FOAM is a ‘free open-access medical education’. It is comprised of a dynamic collection of resources and tools for lifelong learning. The resources are predominantly social media based including blogs, podcasts, tweets, Google hangouts, web-based applications, online videos, text documents, photographs, graphics and written documents. Social medial has been a catalyst for developing and disseminating resources fueled by a global community of FOAM users and creators. FOAM allows EM physicians to interact with colleagues from around the world.

FOAM is NOT peer reviewed in a traditional sense, however it is subject to a more pervasive peer review that occurs post-publication. FOAM opinions and arguments ‘live or die by being hammered on ‘the anvil of Truth’ that is free and open debate and discussion.’

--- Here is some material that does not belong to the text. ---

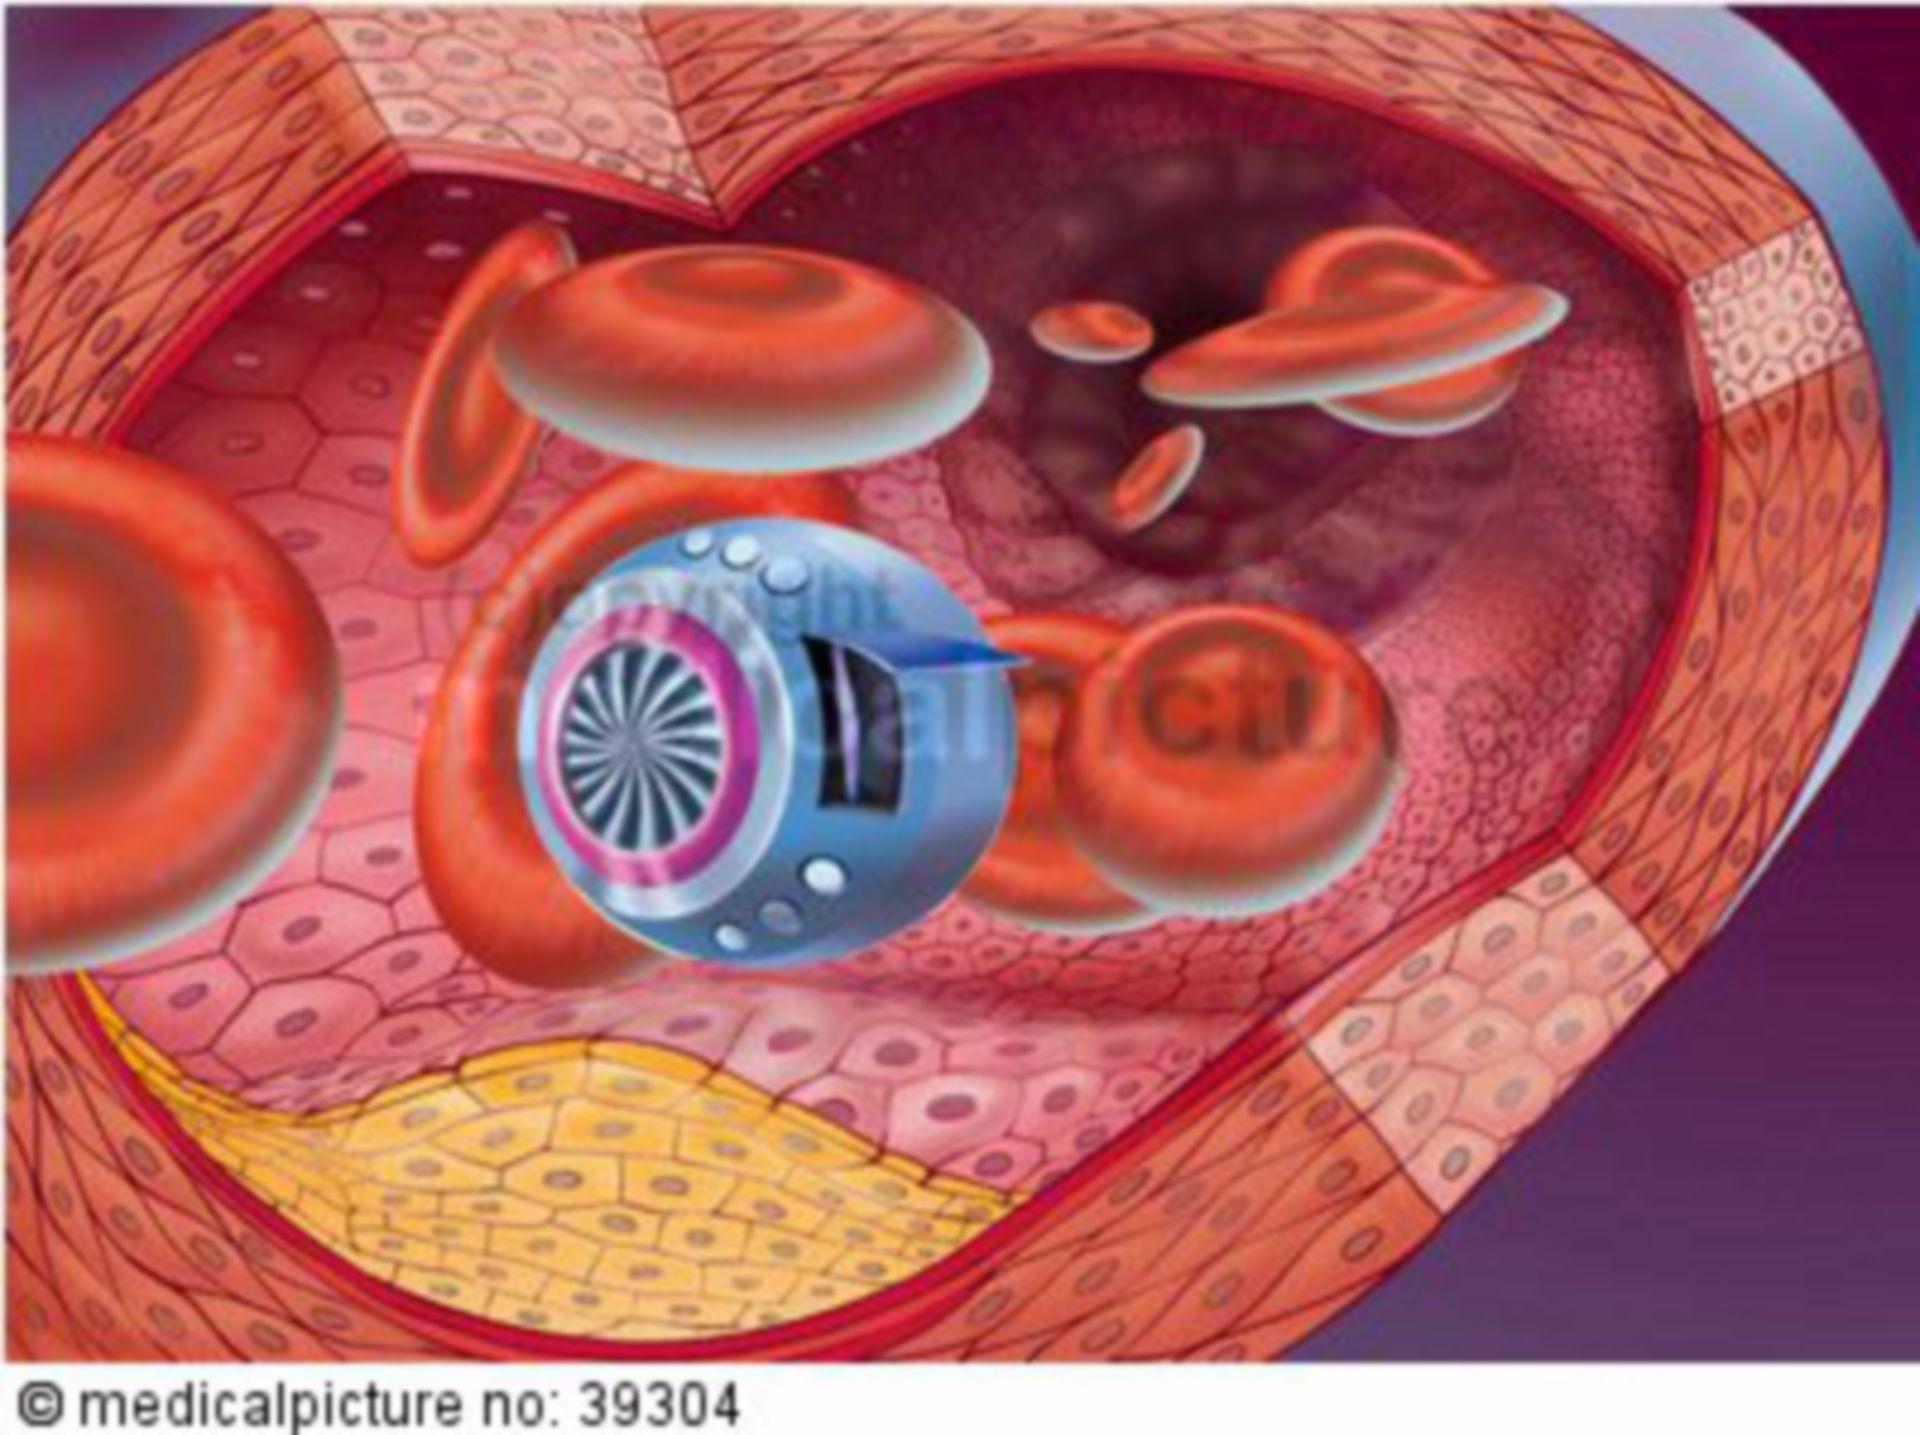 Nanoroboter der Arterienreinigung, Nanorobot

FOAM resources are easily accessible and are portable which makes them ideal for asynchronous learning and the ‘flipped classroom’ model. FOAM and medical journals will likely blur as we move forward, however it is still considered separate from our major emergency medicine textbooks which provide a more comprehensive review rather than just focusing on the “sexy topics”

Take Home Summary

FOAM is a free open-access medical education that is fueled by social medial and comprised of multiple mediums in many locations. It is an adjunct to traditional teaching and an aid to knowledge translation, as well as provide accessible and reusable resources that allow meaningful and rapid interaction with the creator.